Il killer di Simonetta ha avuto un complice?

"Sicuramente l'assassino ha avuto un complice, ed è la persona che ha pulito in modo professionale, che ha posato per pietà il top di pizzo sangallo sul ventre della ragazza almeno 45 minuti dopo l'omicidio, che ha pulito e messo a posto il tagliacarte (quindi ne conosceva l'ubicazione naturale)".

Qual è stato il suo ruolo?

"Questa persona ha alterato la scena del crimine, ha depistato le indagini proteggendo l'assassino. Ha preso i soldi, i gioielli e le chiavi della vittima per simulare un omicidio a scopo di rapina".

Perché lo avrebbe protetto?

"Si protegge un assassino per soldi o per legami fortissimi: il rischio è enorme e quando si deve proteggere una persona nonostante si veda la vittima nuda e massacrata e il sangue sgorgato sulla scena si ha la tendenza a 'farsi i fatti propri'. A meno che non ci sia uno dei motivi detti: soldi o legame fortissimo. Comunque nel giallo di Via Poma questa persona è stata chiamata immediatamente sulla scena, è intervenuta immediatamente e ha lasciato anche qualche traccia che è stata ben letta ma... male interpretata".

Sono stati commessi errori durante le indagini?

"Tanti errori e di diverso tipo".

Può elencarne qualcuno?

"Ne elenco i più letali per l'inchiesta: puntare solo sul portiere Pietrino Vanacore e lasciare stare le altre piste, il sopralluogo incompleto e inadeguato, le fotografie scattate in numero minimo e in modo dilettantesco, le leggerezze del medico legale - non prendere le temperature cadaveriche ed ambientali ogni dieci minuti, non comprendere che l'assassino avesse usato la mano sinistra, non analizzare il contenuto gastrico di Simonetta, non tamponare le ecchimosi e i graffi della vittima per la ricerca di saliva, non consegnare i reperti come calzini, reggiseno e top di pizzo sangallo della vittima alla polizia scientifica".

C'è qualche "errore" che, secondo lei, ha compromesso significativamente le indagini?

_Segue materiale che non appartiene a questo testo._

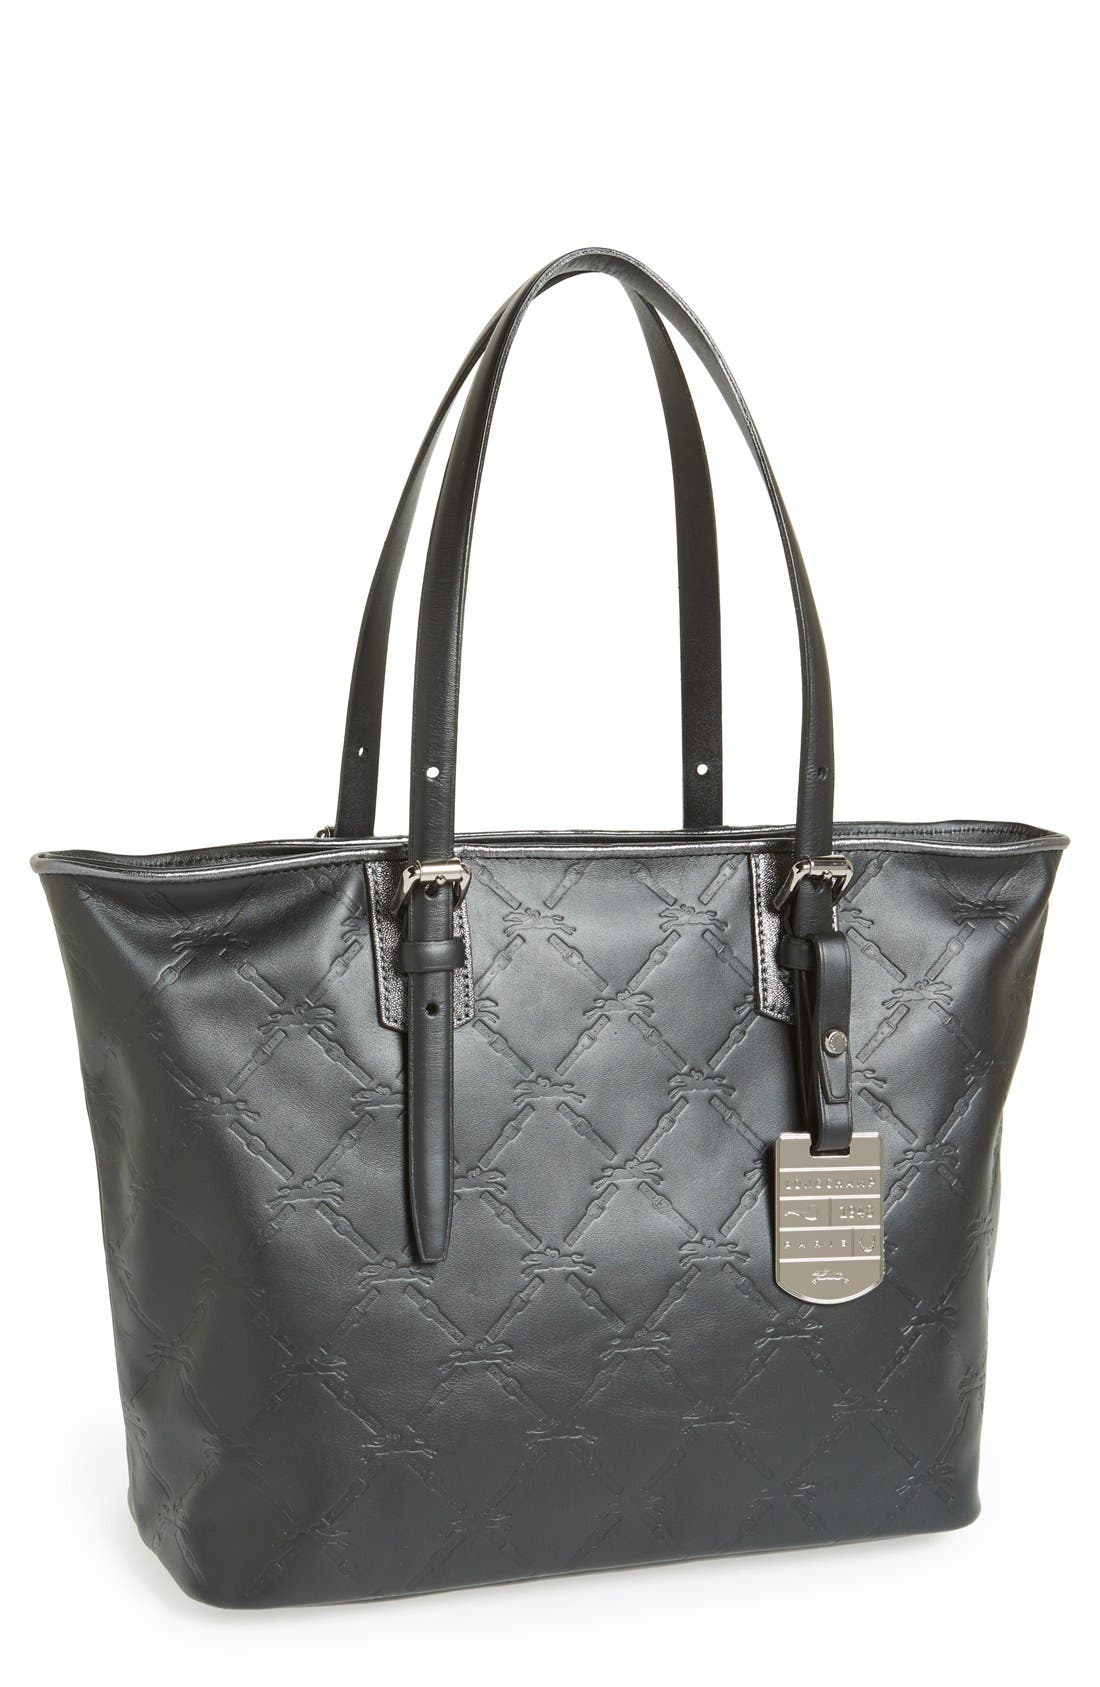 Main Image - Longchamp 'Medium LM Cuir' Leather Tote

"Il computer su cui lavorava Simonetta fu messo sotto controllo tardivamente e l'appartamento dissequestrato dopo solo sei giorni. Poi c'è la non analisi e la scomparsa delle scarpe della vittima e della cartellina di lavoro della stessa. Infine la mancata individuazione e la non consapevolezza che il sangue sul telefono fosse gruppo A DQAlfa 4/4, quindi dell'assassino".

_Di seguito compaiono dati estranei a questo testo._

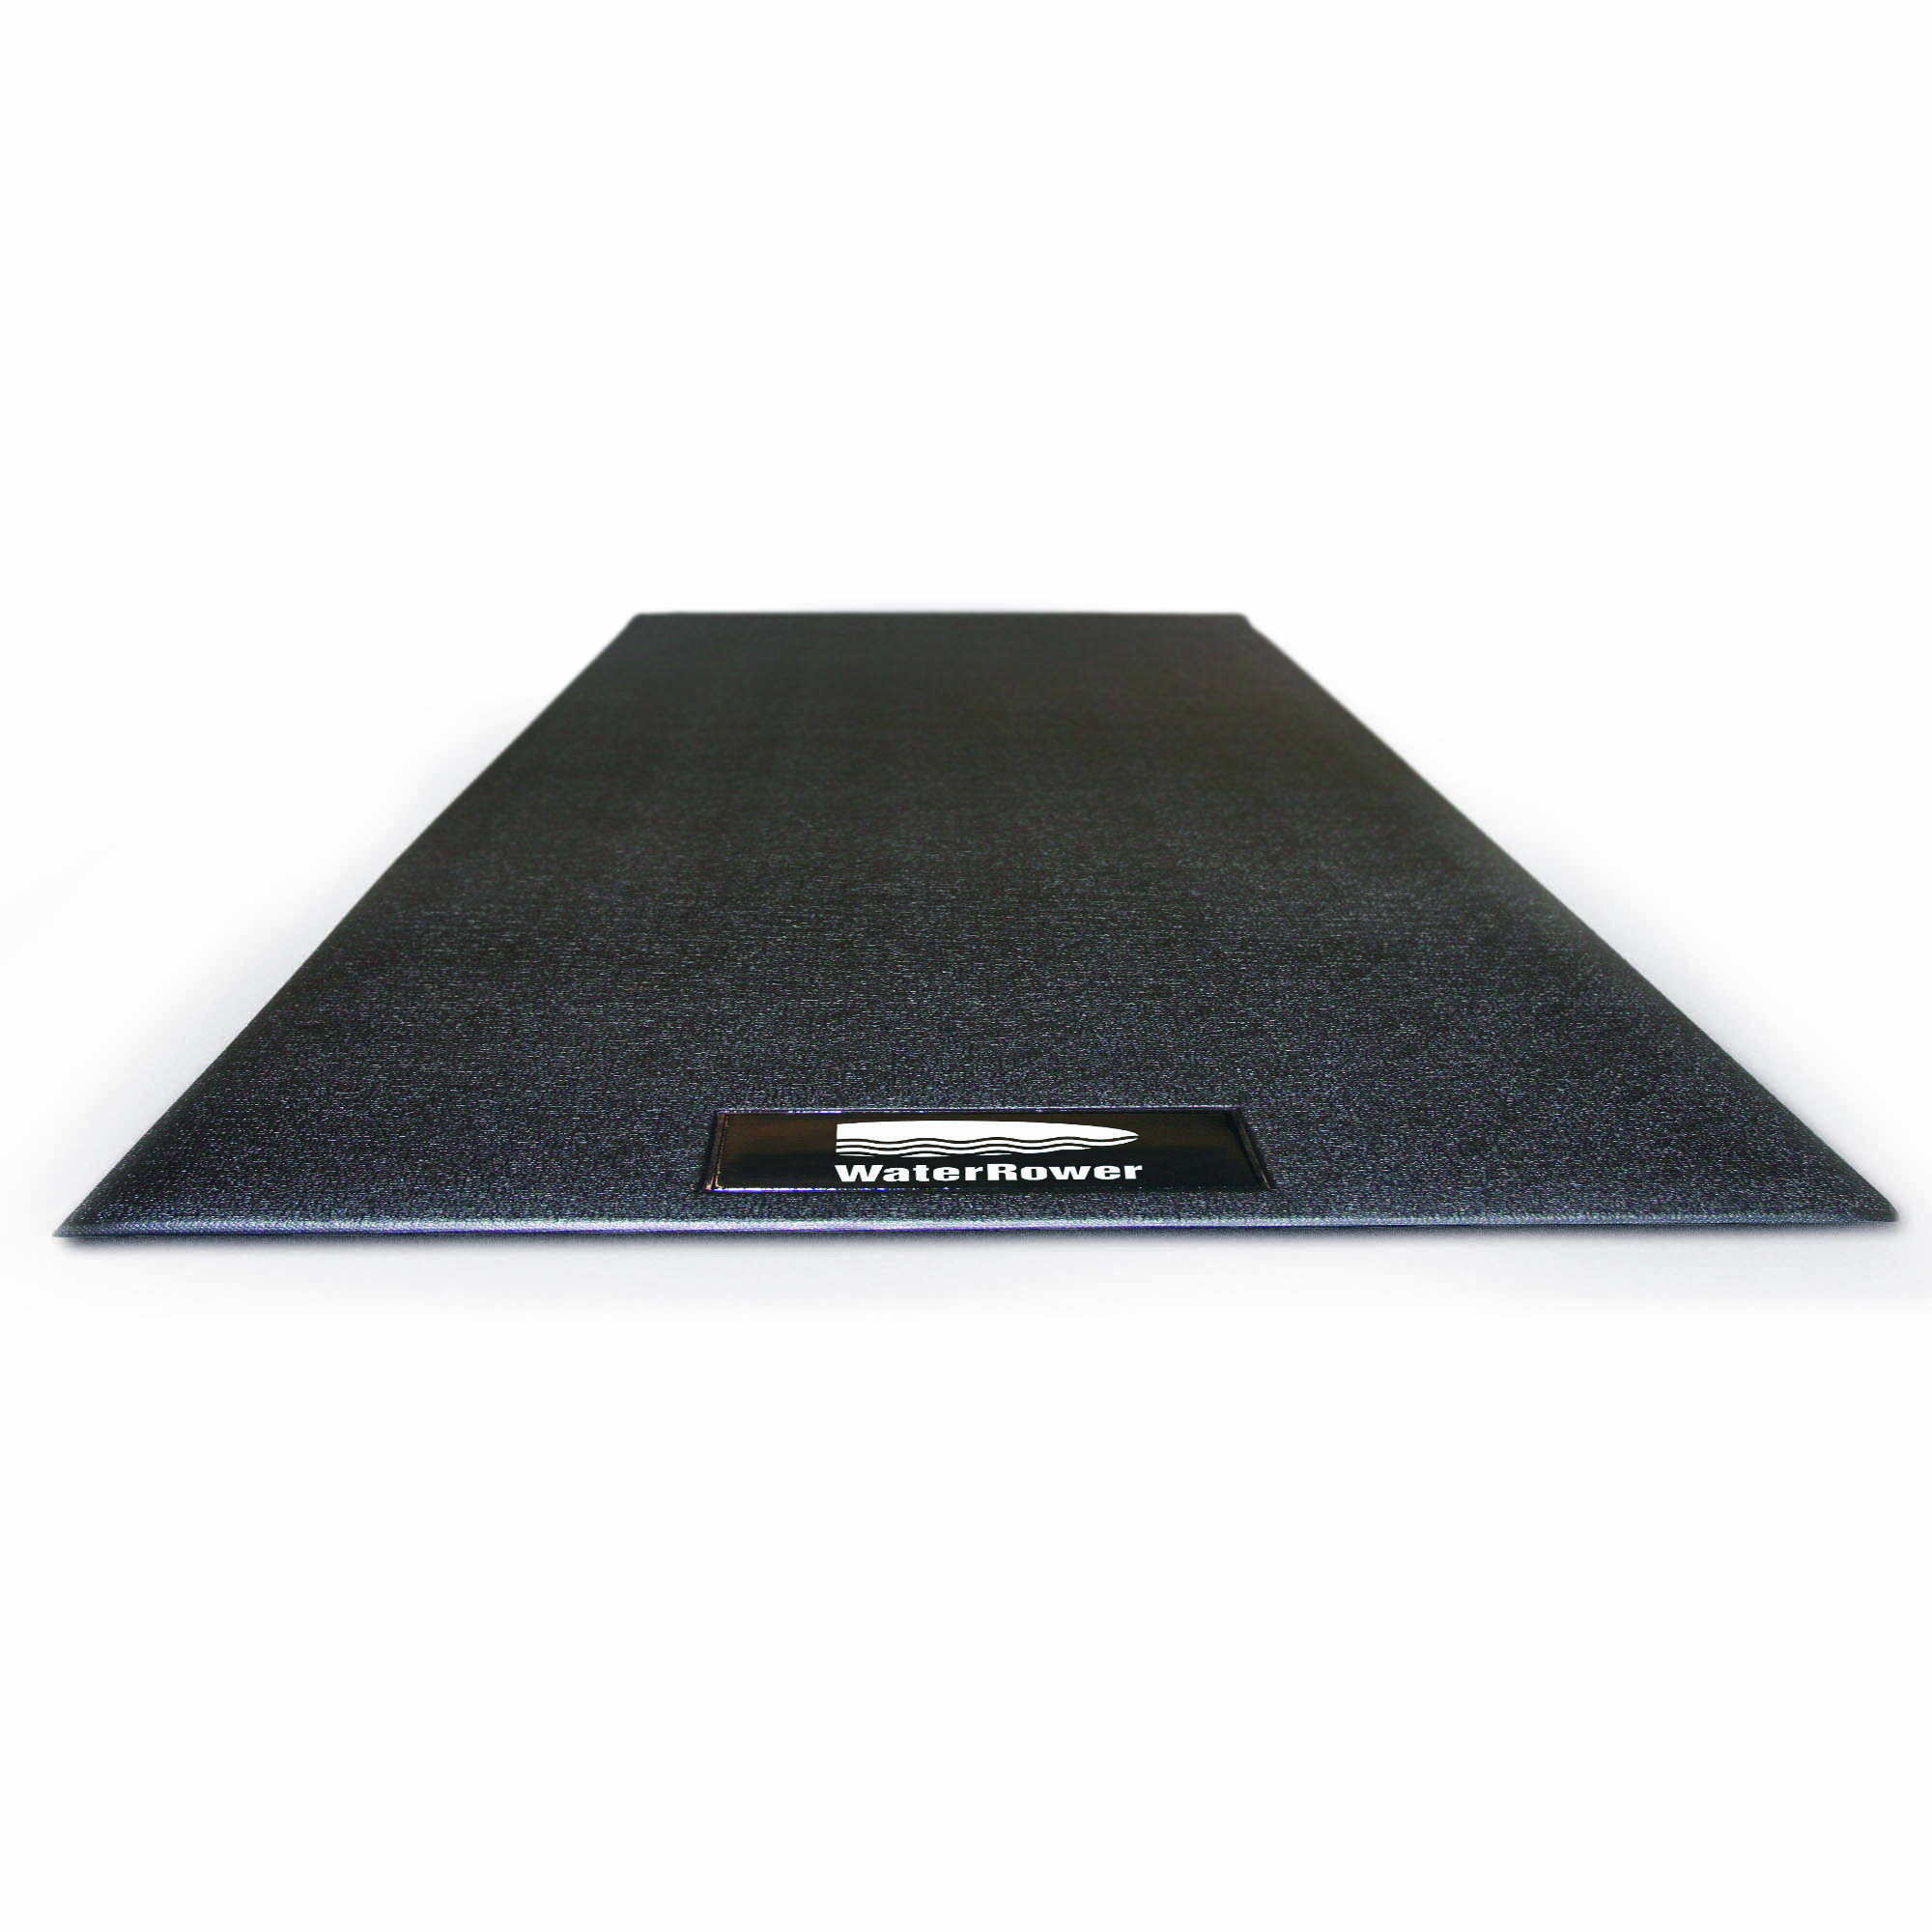 Floor Protection Rosin Paper Floor Protection Floor: Floor Protection Mats

Il papà di Simonetta disse, al tempo, che "l'assassino è nelle carte". Aveva ragione?

"Certo, l'assassino è nelle carte, a meno che l'assassino non sia un soggetto non territoriale, che passava da lì per puro caso e che non è stato visto da nessuno. Però, scusi, se il soggetto ignoto fosse un 'assassino passante per caso', che bisogno aveva di chiamare il complice, fare pulire e imbastire tutto quell'insieme di depistaggi? A che pro rischiare così tanto per nulla? E se non fosse stato un territoriale, come avrebbe fatto a muoversi agevolmente per ore all'interno del condominio e dello stabile di Via Poma?".

simonetta cesaroni.JPG

Ci sono elementi validi per auspicare una riapertura del caso?

"Il caso può essere risolto se e solo se si evita di personalizzare l'indagine continuando a coprire chi ha sbagliato e/o barato: occorre essere umili, corretti, onesti e freddi. Ad esempio: indagare su chi presenta un profilo simile a quello da me indicato".

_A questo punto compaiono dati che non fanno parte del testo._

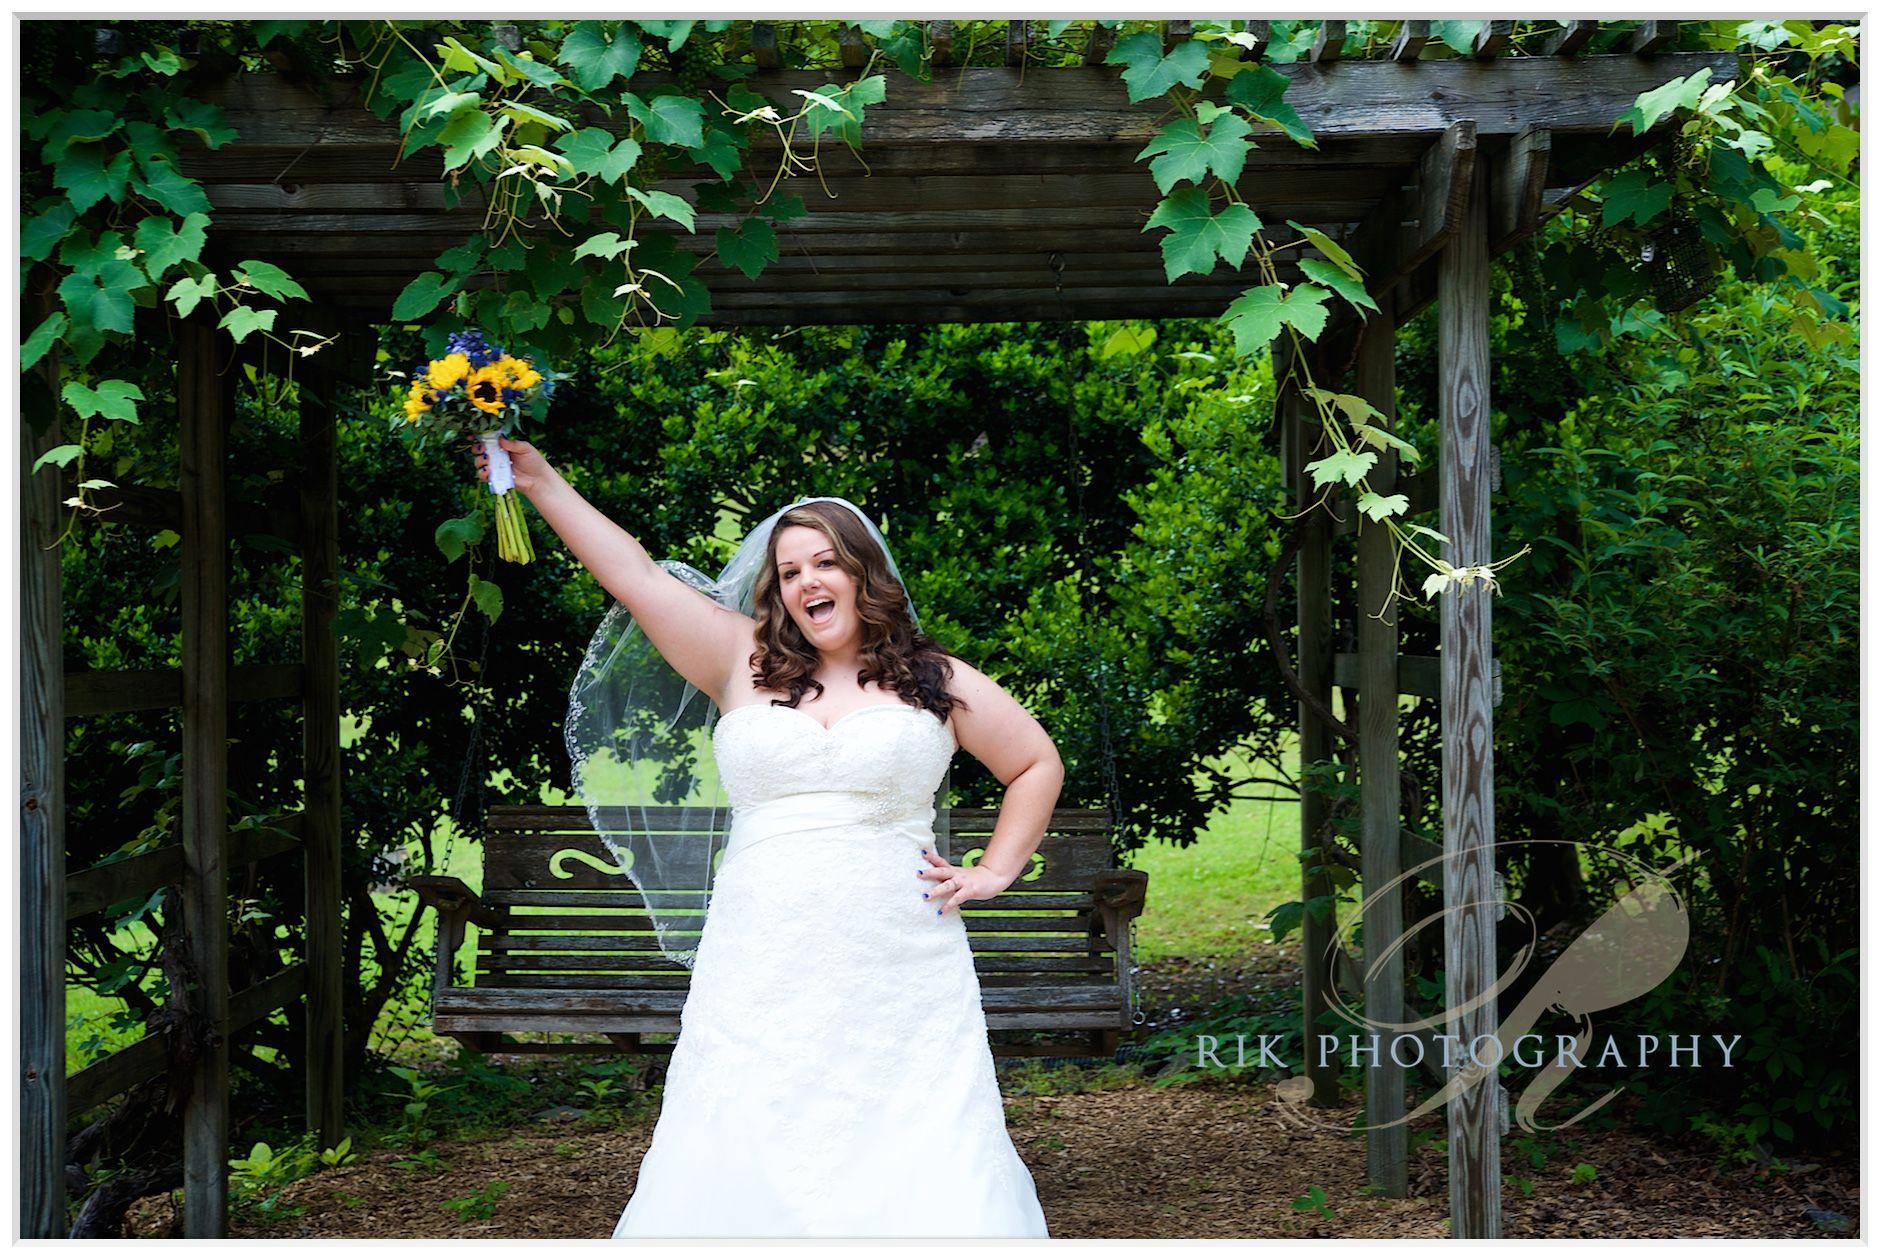 Grapevine arbor wedding dresses

Nel suo libro "Via Poma - Inganno strutturale Tre" rivela il Dna dell'assassino.

"Ha il gruppo sanguigno A col sottogruppo DQAlfa 4/4".

Un'indicazione da non sottovalutare...

"Lo sa che nel 1990 le persone mancine erano il 16% della popolazione e che solo il 5% aveva il gruppo sanguigno A col sottogruppo DQAlfa 4/4, quindi 5% x 16% = 80/10000, cioè otto su mille e circa uno su cento?".

Un'ultima

domanda. Se può, mi dia una risposta secca: l'assassino di Simonetta è "Mister X"?

"Questo 'Mister X' sicuramente non ha nulla a che vedere con l'omicidio ma sicuramente potrebbe fornire notizie utili alle indagini".